UbuntuPhone, Windows Phone, BB10, and UnknownPhone all share similar problems. Windows Phone has a pile of money behind it, but Microsoft has to care if it succeeds and it suffers from a brand with a stigma - I swear if it was green themed and called the "X Phone" it'd have double its present market share. BB10 has some money behind it, but BlackBerry desperately needs it to succeed and it too has a bit of a brand issue ("Who makes the battery inside a Blackberry when they made on which you can't pull it out? Energizer - the alkaline battery will long outlast your system uptime!"). UbuntuPhone has some pocket change behind it, but not a well known brand. UnknownPhone has to start from the ground up with everything. None of these brands have the winning formula of "we don't care if we succeed", "we have a mountain of cash behind us that continues to grow", "we are well liked by our existing customers", "we're affordable", and "people are being held back from getting the phone they really want, so we'll be the fallback until we have enough buzz behind us".

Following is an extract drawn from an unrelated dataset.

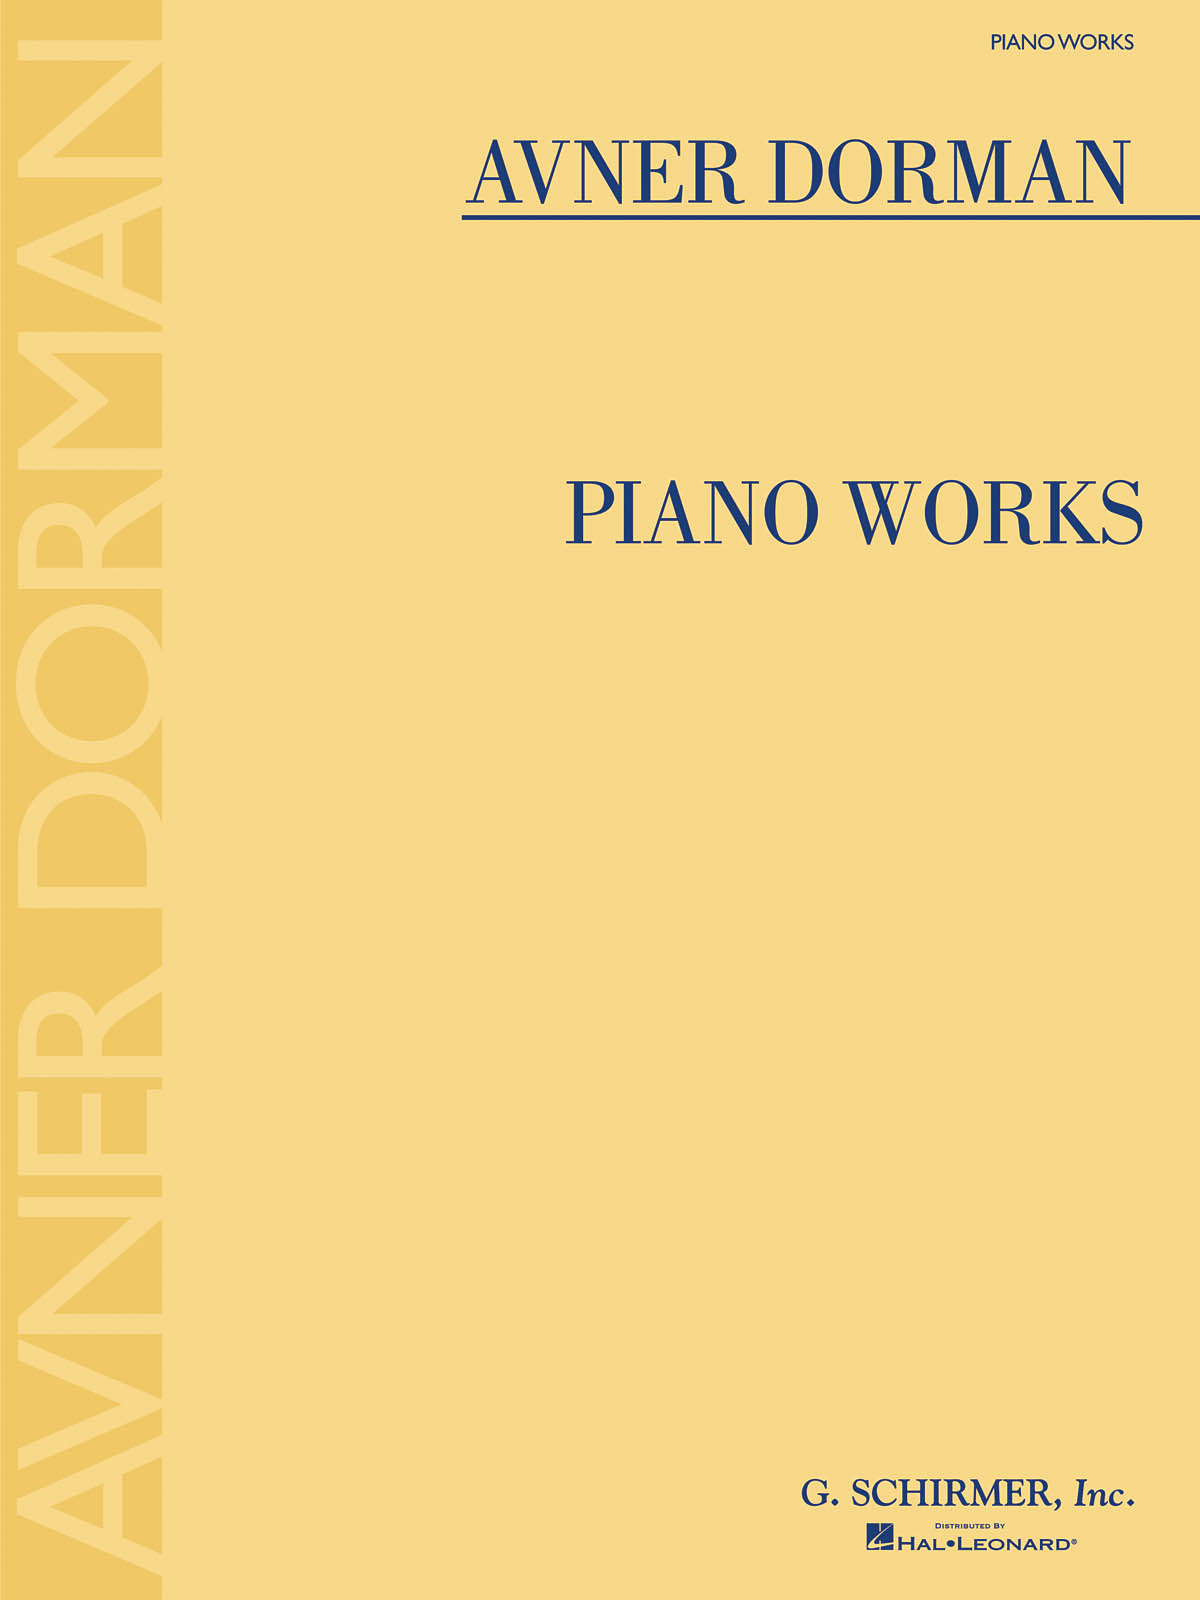 Avner Dorman: Piano Works
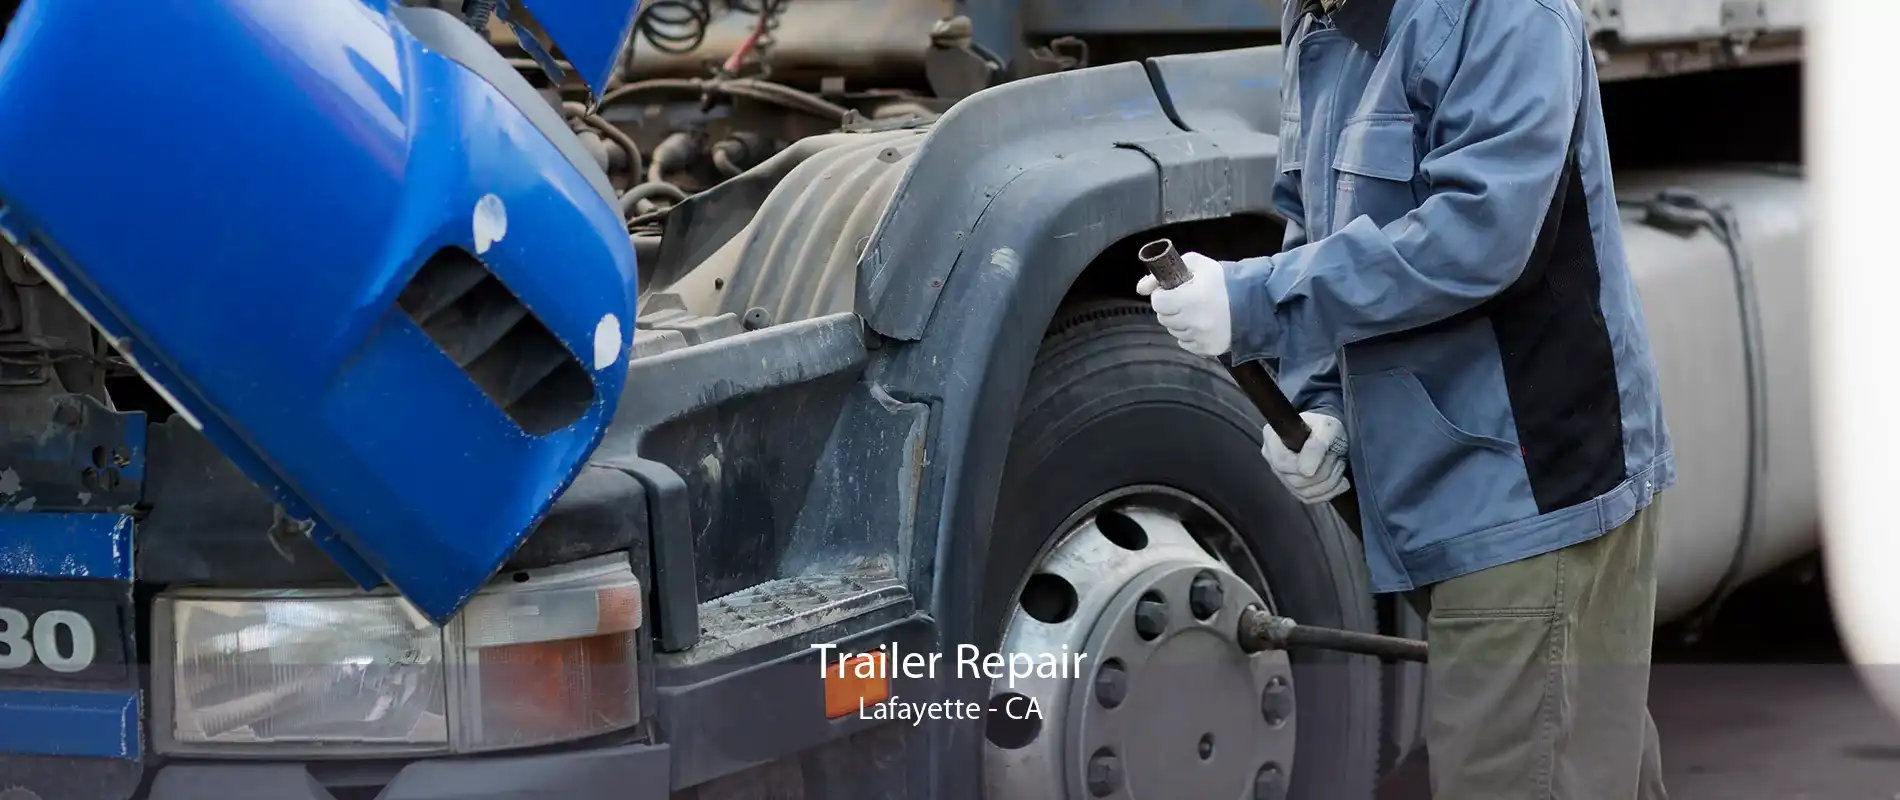 Trailer Repair Lafayette - CA

That, however, will not stay that way forever.
I responded to "No guidelines is what is damaging Android." by demonstrating that Android is not being damaged by freedom of choice. In fact Android is becoming the defacto phone/tablet OS because it DOES support "many screen sizes, compbinations of buttons etc etc".
People don't buy a phone because it has Android on it. They buy it because they like the big screen, the colour or price or style or any number of other factors. Android just enables that variety and choice more than iOS or WPx.
MS Dos/Windows gained early advantage by the same means - it could be installed on a variety of commodity hardware. MS later chose to become predatory and restrictive to enforce and protect its monopoly, but they got their start because they were more open than their competition.
"I've got more toys than Teruhisa Kitahara."
1- Headsets
2- Building a userbase and tying it to your ecosystem (and your app/movie/whatever) store.
3- Ad network for your now ubiquitous smartphone ecosystem.
If you only plan to offer what the others already do, then you'll die a very painful death.
Well do you see any killer feature? To be honest MeeGo, WebOS and Windows Phone aren't objectively bad, the problem is that they aren't better than those that dominate the market so naturally people just stick with what they know. Ubuntu Mobile certainly doesn't seem to be bringing anything compelling to the average consumer that would make them want to give up their Android or iOS devices.